Syntenic gene pairs were plotted as dots on a two-dimensional figure, where the x and y axes denote the chromosomal positions of the genes in any two genomes. Continuously distributed syntenic genes in any two genomes generate dot plots with fragments of lines ( Figure 2 B). The dot-formed lines that are produced represent the chromosomal fragments and their different arrangements between two genomes. The ancestral genomic blocks (GBs) ( 27 , 28 ) of corresponding chromosomal fragments are also shown ( Figure 2 B).
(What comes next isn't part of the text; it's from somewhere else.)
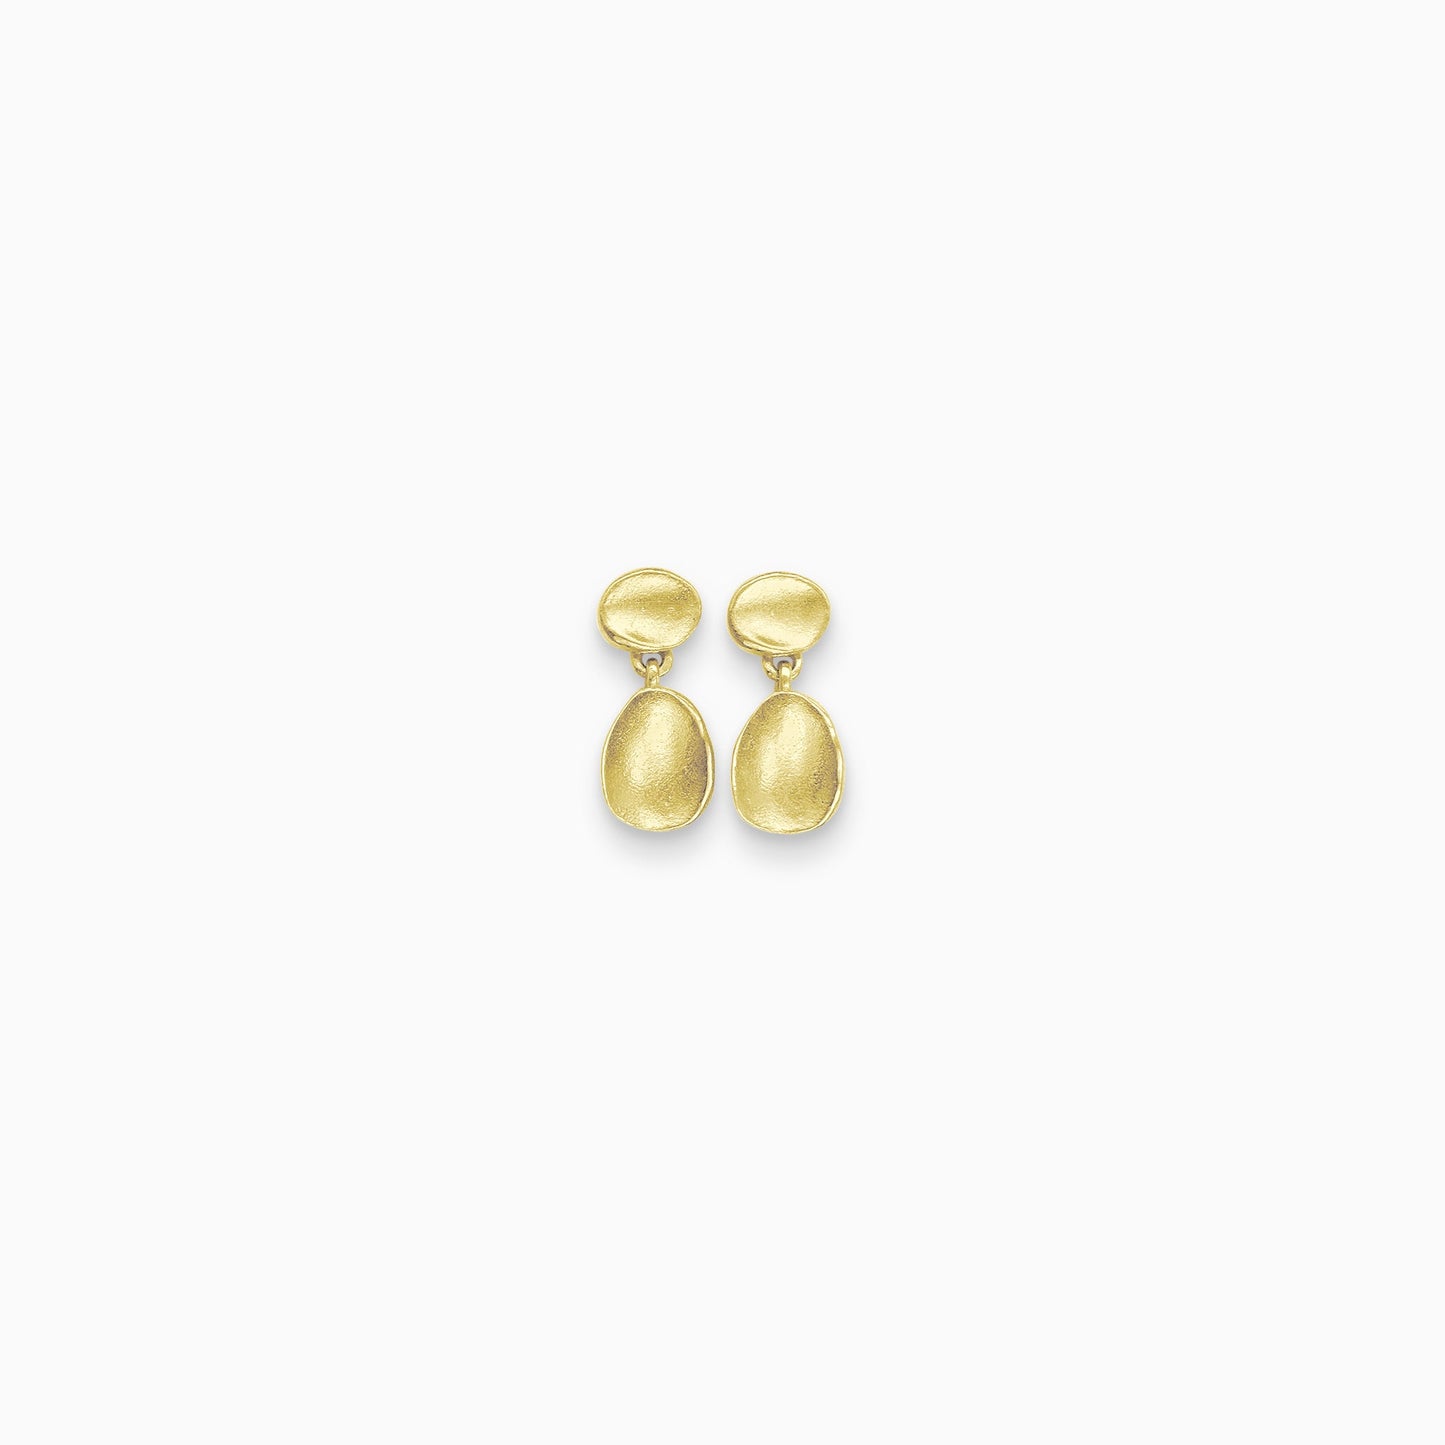 A pair of 18ct Fairtrade yellow gold small earrings, a dainty concave oval disc has an stud ear fastening and hanging below is another slightly larger oval disc. Satin finish. 15mm length, 6mm width

Genome synteny resource guidelines
Mining syntenic genes
BRAD V2.0 has five main sections: Browse, Search, Tools, Download and Links. Placing the cursor over the Search section activates a drop-down menu. Clicking on the ‘Syntenic gene’ option ( Figure 1 A) opens the search syntenic genes page where checkboxes for 11 Brassicaceae species ( B. napus contains the Brassica A and C subgenomes) allow users to choose their required searches; a syntenic gene search between A. thaliana and B. rapa is set as the default ( Figure 1 B). Next, users are required to provide a gene ID to search for syntenic genes among the selected species ( Figure 1 C). The number of genes flanking the syntenic genes can be selected from a drop-down list as 10, 20 or 50. The search is activated by clicking the ‘GO’ button. For example, by selecting B. oleracea and A. lyrata as the species, inputting Bra019255 as the gene ID , setting the number of flanking genes to 10 (the default) and clicking the GO button, the results are output in a table that appears below the search panel as shown in Figure 1 D. The solid circles indicate genes. Information about a gene can be obtained by placing the cursor over a circle. Clicking on the solid circle opens a pop-up dialog-window in which navigation information for the target gene is displayed ( Figure 1 E). Clicking on a tandem symbol (two small dots following a gene symbol) displays the corresponding tandem gene array information at the bottom of the search page ( Figure 1 F).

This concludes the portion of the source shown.